Dr. Russo and his collaborators have found that water’s strange behavior is rooted in this competition between these two types of organizational environments.
“This behavior can also be found in selected materials like silicon, but one of the results of our study is to show that water appears to be the substance that maximizes the amount of anomalous behavior,” adds Dr. Russo. “So water is indeed special, and if we change its tetrahedrality we disrupt its anomalous behavior.”
Could a more robust understanding of the way that water is structured and “tuned”—or “untuned”—eventually lead to more ability to create things like nanomaterials that remove pollutants from water? Maybe.
“The presence of solutes in water can either enhance or disrupt the local order in the hydrogen bond network, and our model is well suited to describe this phenomenology, for example to predict transport properties of water in nanomaterials,” remarks Dr. Russo. “We are currently working on this.”
Many kinds of applications could arise from this fascinating research into tuning and untuning water—the most obvious of which are theoretical tools that could have wide applicability in natural and industrial processes related to water.
“As an example, the development of equations of state for water under extreme conditions, which allow engineers to model the behavior of water in conditions relevant to many climate change models (supercooled water in clouds), cryopreservation , and nanotechnology, where the behavior of water at the nanoscale is still poorly understood,” states Dr. Russo.
What’s next for Dr. Russo and his team in this line of work? They are actively looking to extend these tuning and untuning principles to more anomalous behaviors of water. They are focusing on crystallization phenomena, on solvation effects, and glass-forming ability.

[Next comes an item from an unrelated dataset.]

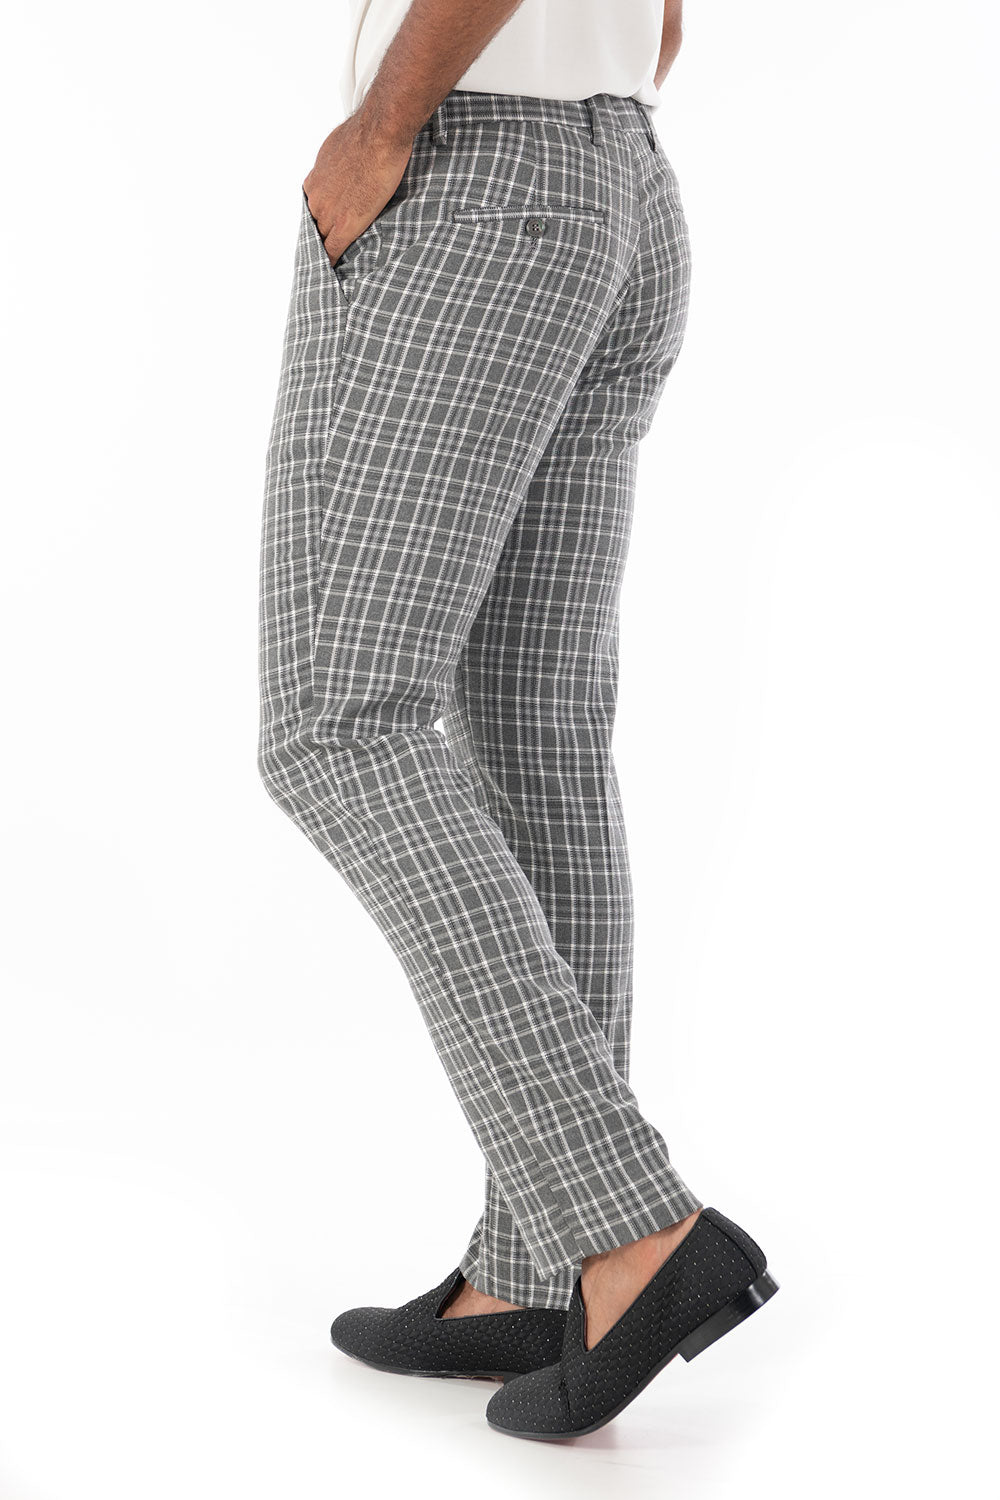 BARABAS men's checkered plaid grey white chino pants CP63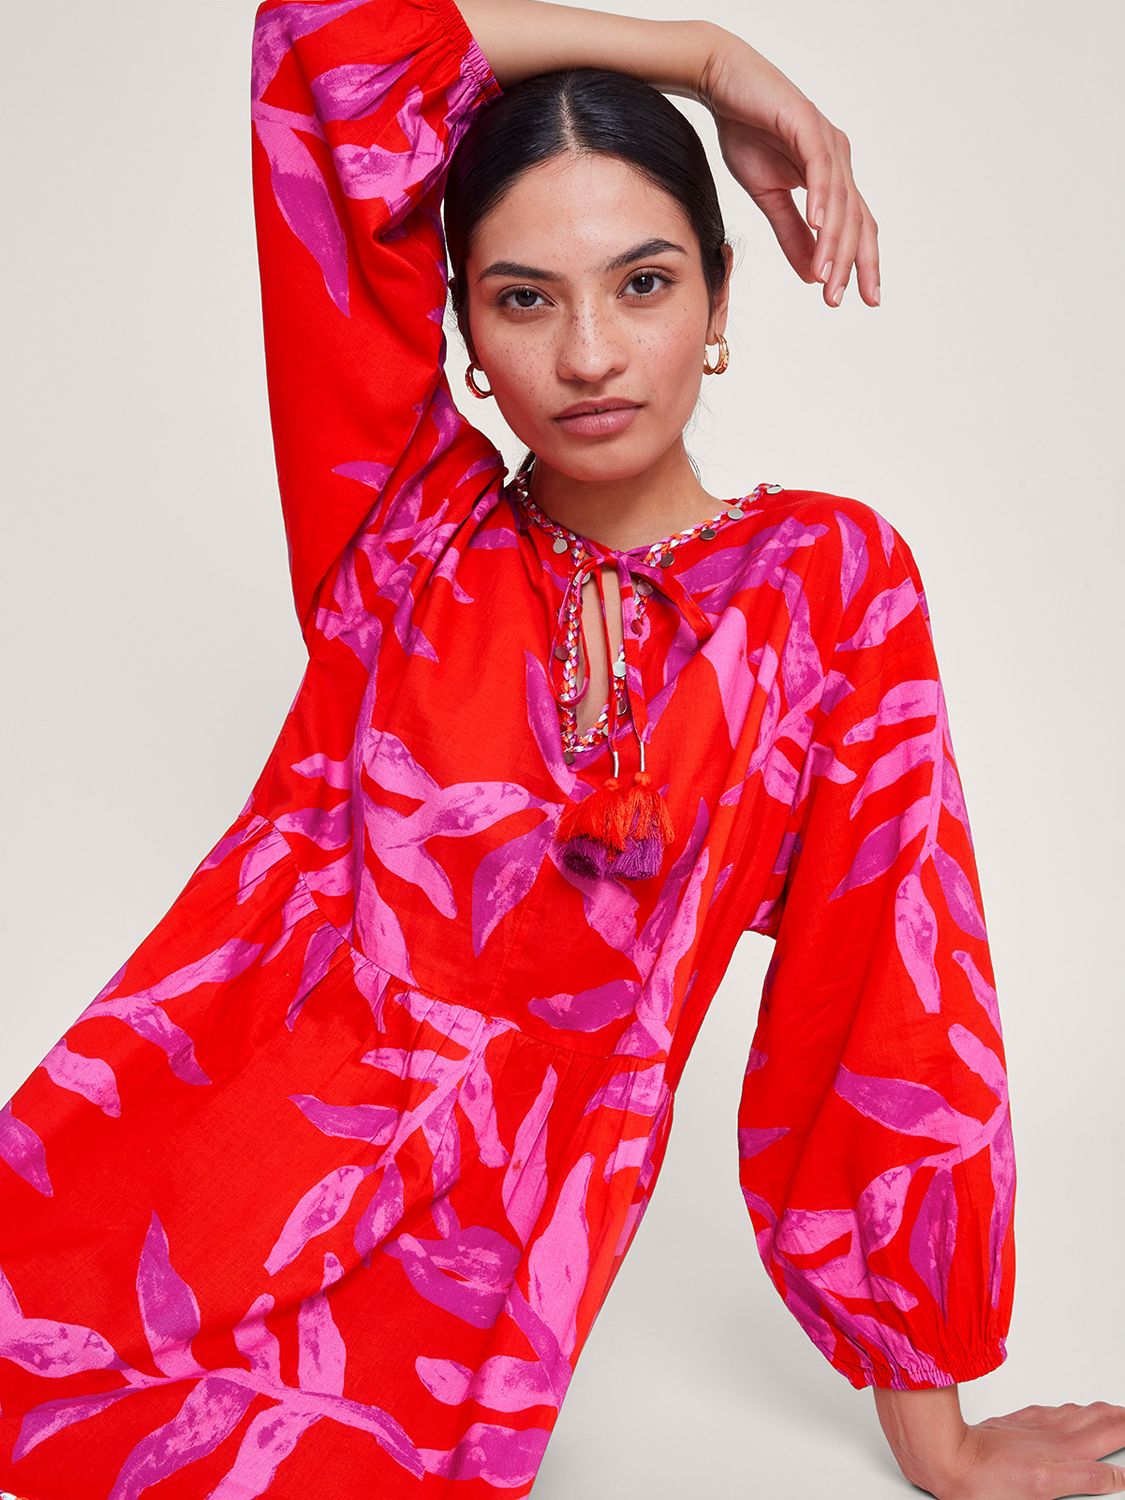 Buy Monsoon Arissa Palm Print Kaftan Dress, Red/Multi Online at johnlewis.com

“The work includes some surprises; we demonstrated for the first time in an atomistic model of water the appearance of two different transitions,” Dr. Russo details. “The first one is structural, where we show the appearance of a re-entrant spinodal at negative pressures, where liquid water evaporates not only on heating, but also on cooling. The second one is dynamic, where a transition from fragile to strong relaxation is observed as we change the topology of the network from ordered to disordered. So the dynamic fragility of water—which is responsible, for example, for the fact that the viscosity of water decreases under compression—seems to be another emergent phenomena linked to its network topology.”
Dr. Russo and his team hope to see more of an interdisciplinary approach to solving the mysteries of water’s strange behaviors.
“My collaborators and I come from the field of Soft Matter (mesoscale soft materials) rather than molecular fluids, and the models we use are heavily inspired from it—especially the use of coarse-grained models,” adds Dr. Russo. “We believe that the study of water really needs an interdisciplinary approach, where the contribution of different fields—from quantum chemistry, to chemical engineering, to soft condensed matter, to name a few—all play a role in understanding its properties.”